We’ve Hit the Jackpot

Last year in January I set out a theme for the year that was about “adapting to change with integrity.” I also set forth a few things that I thought would be sub-themes based on what was happening and would be happening throughout the year.

I wasn’t too far off in my predictions. Globally elections were anti-incumbent and change-oriented. Even though social media platforms didn’t go out of business, they are now marked by decline, grift and Dead Internet Theory. US regulators were indeed stymied in their efforts to protect consumers, and the Courts did indeed undo a major foundation of our regulatory landscape. We continued to see the effects of Covid, growing concerns about avian flu, widespread catastrophic weather events (including the fires raging now in California and Puerto Rico left without power for days), and continued political violence and upheaval. And we continue to struggle with imagined pasts, misunderstood presents, and dystopian futures.

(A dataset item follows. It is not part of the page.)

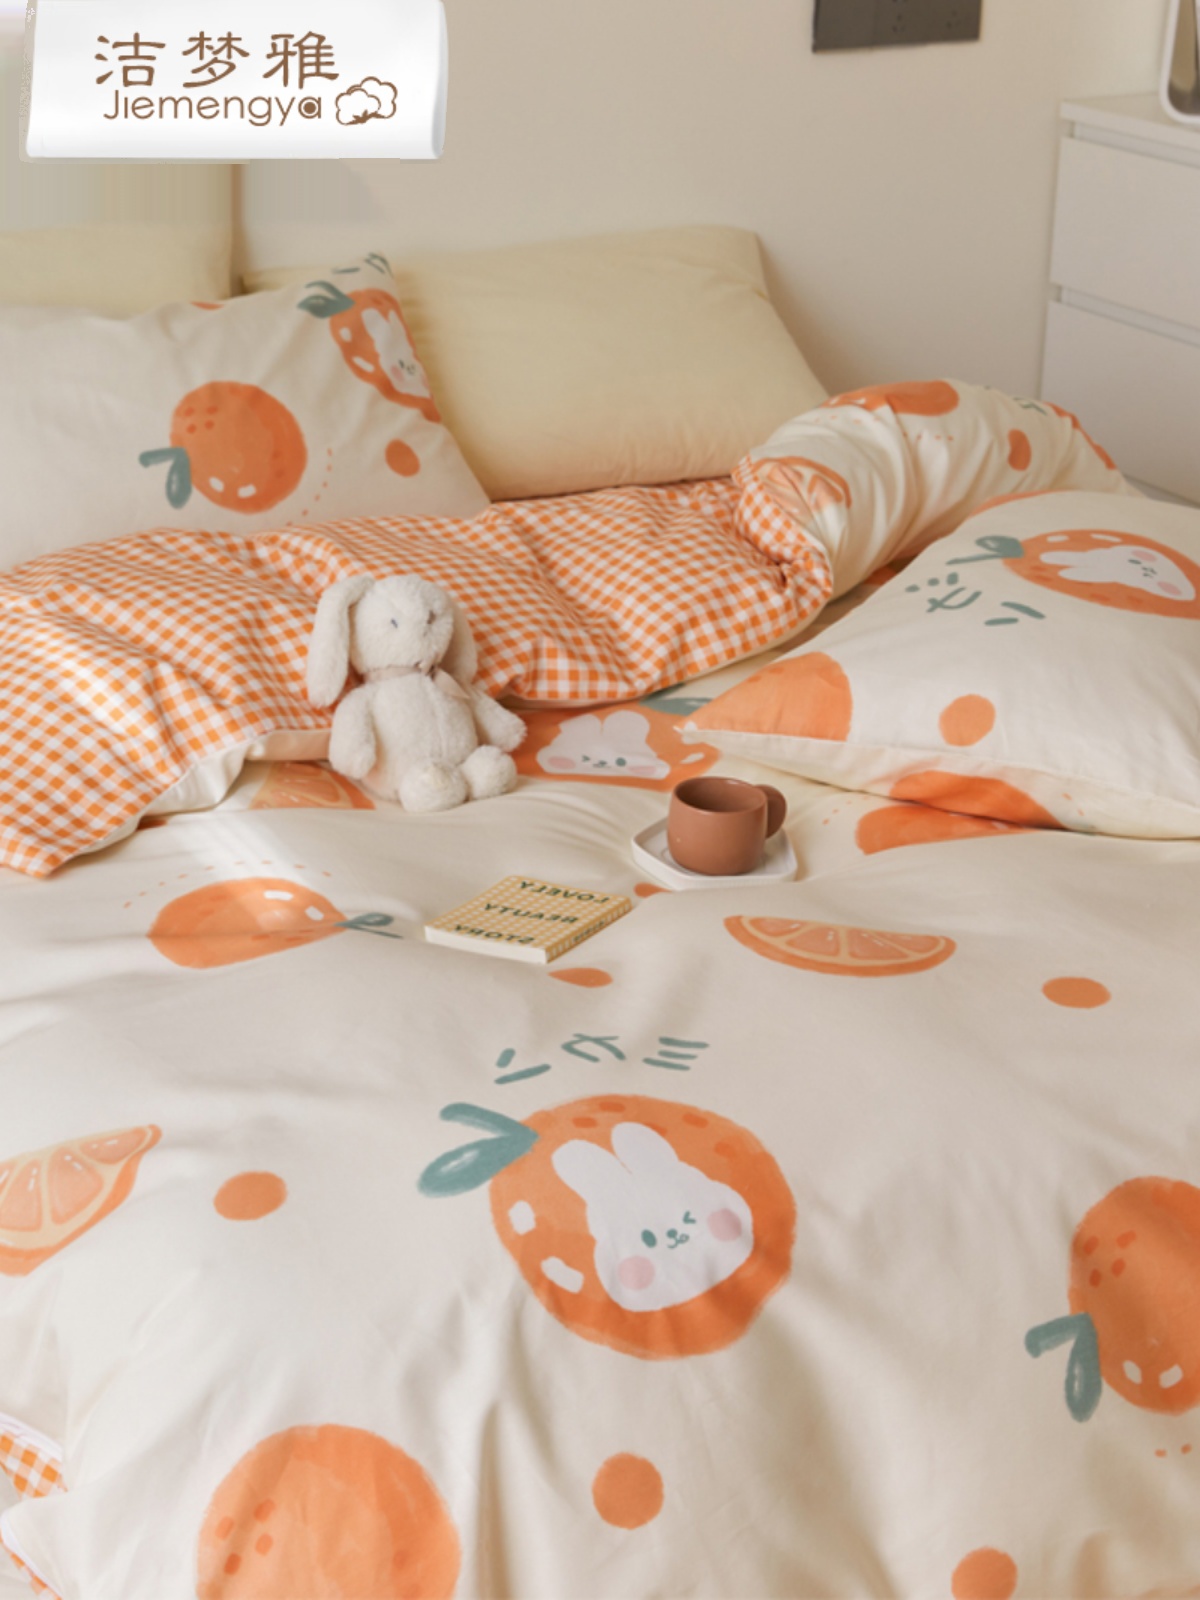 韓式風兒童卡通床單四件套純棉材質溫暖舒適床品工藝精緻讓孩子睡得安心 (4.6折)
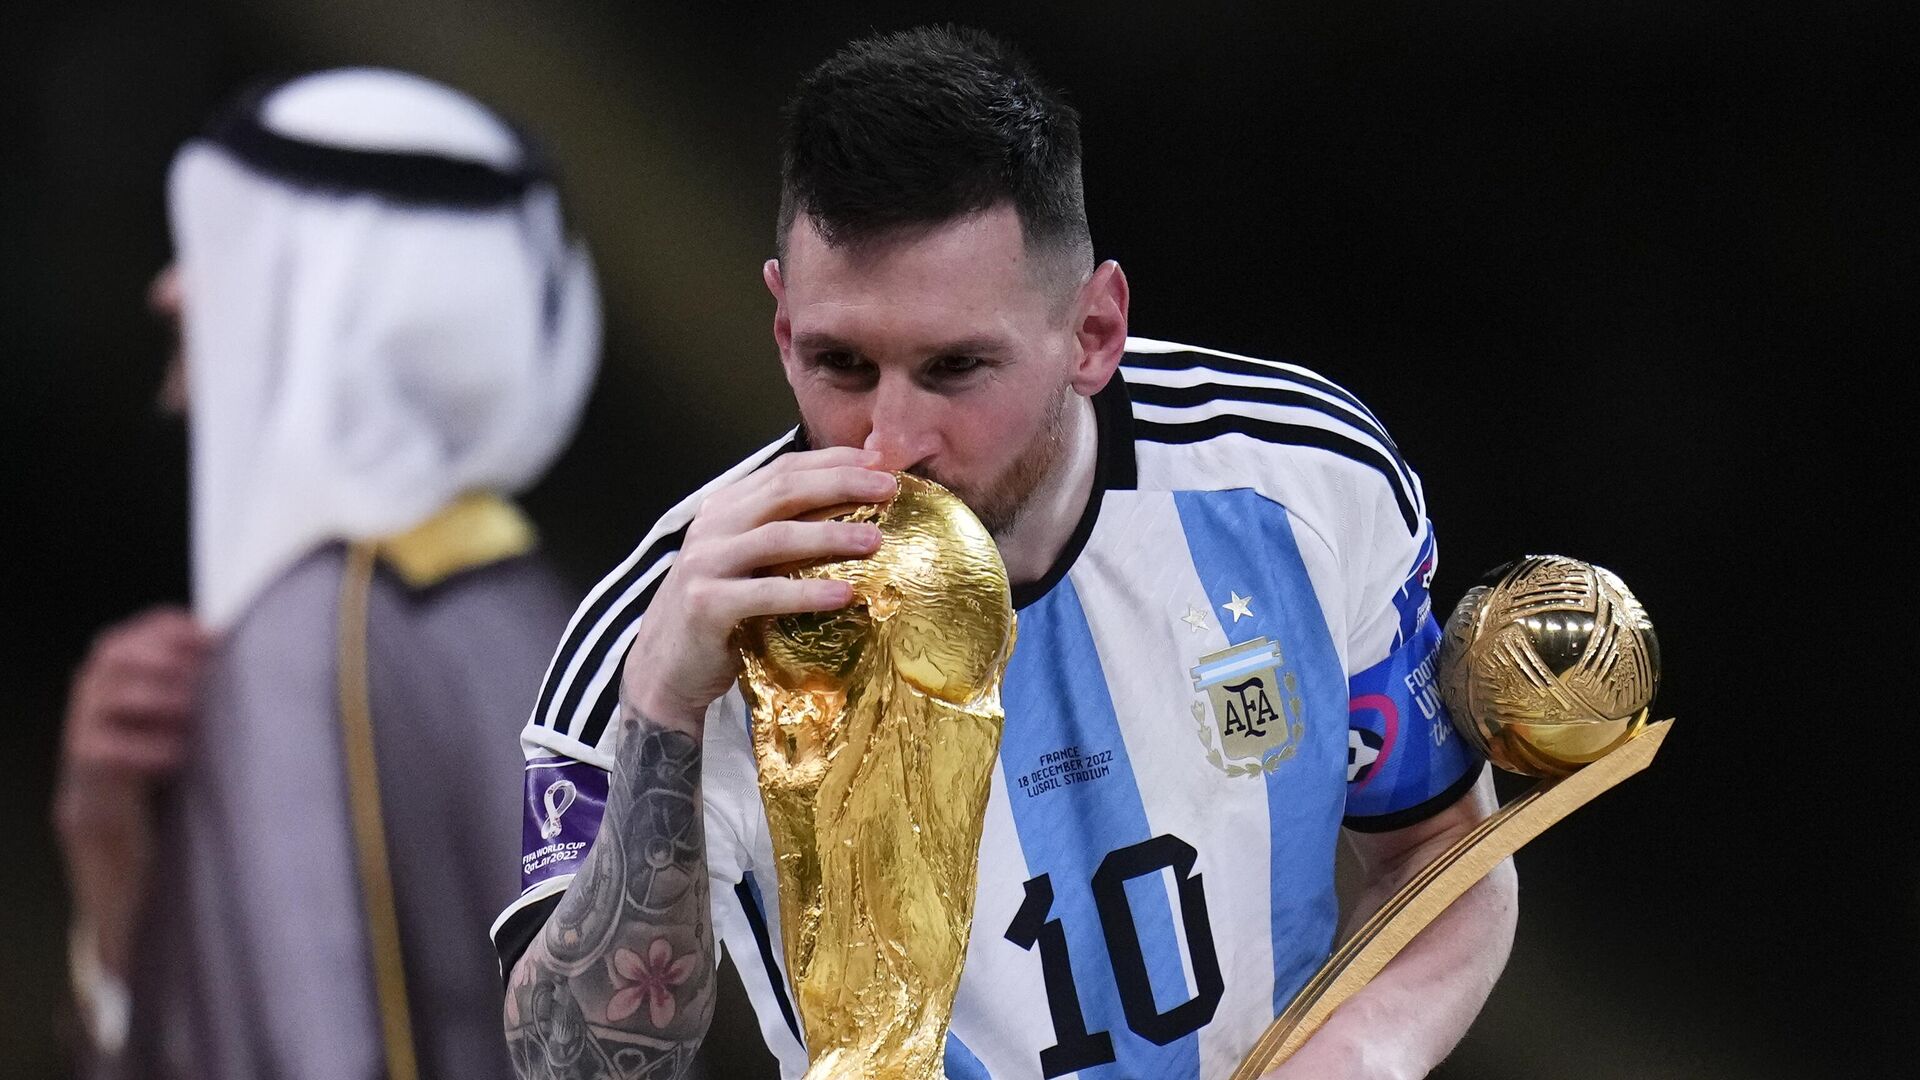 Argentina vence a França nos pênaltis e é tricampeã da Copa do Mundo -  18.12.2022, Sputnik Brasil

But let’s face it — most predictions aren’t really predicting the future, they’re projecting the past forward in time. If you assume no intervention, no alternate plans, and no deliberate action, that’s a pretty reasonable way to make predictions. So, in that spirit:

2025 will be defined by polycrisis

  • Reckless governance and political upheavals.
  • Major weather events and environmental crises.
  • War and refugees.
  • Unstable markets and unpredictable systems.
  • Disappearing safety nets (where they existed in the first place).
  • Disrupted industries.
  • More pandemics, epidemics or outbreaks.

The author William Gibson named a fictional polycrisisThe Jackpot” in his books The Peripheral and Agency.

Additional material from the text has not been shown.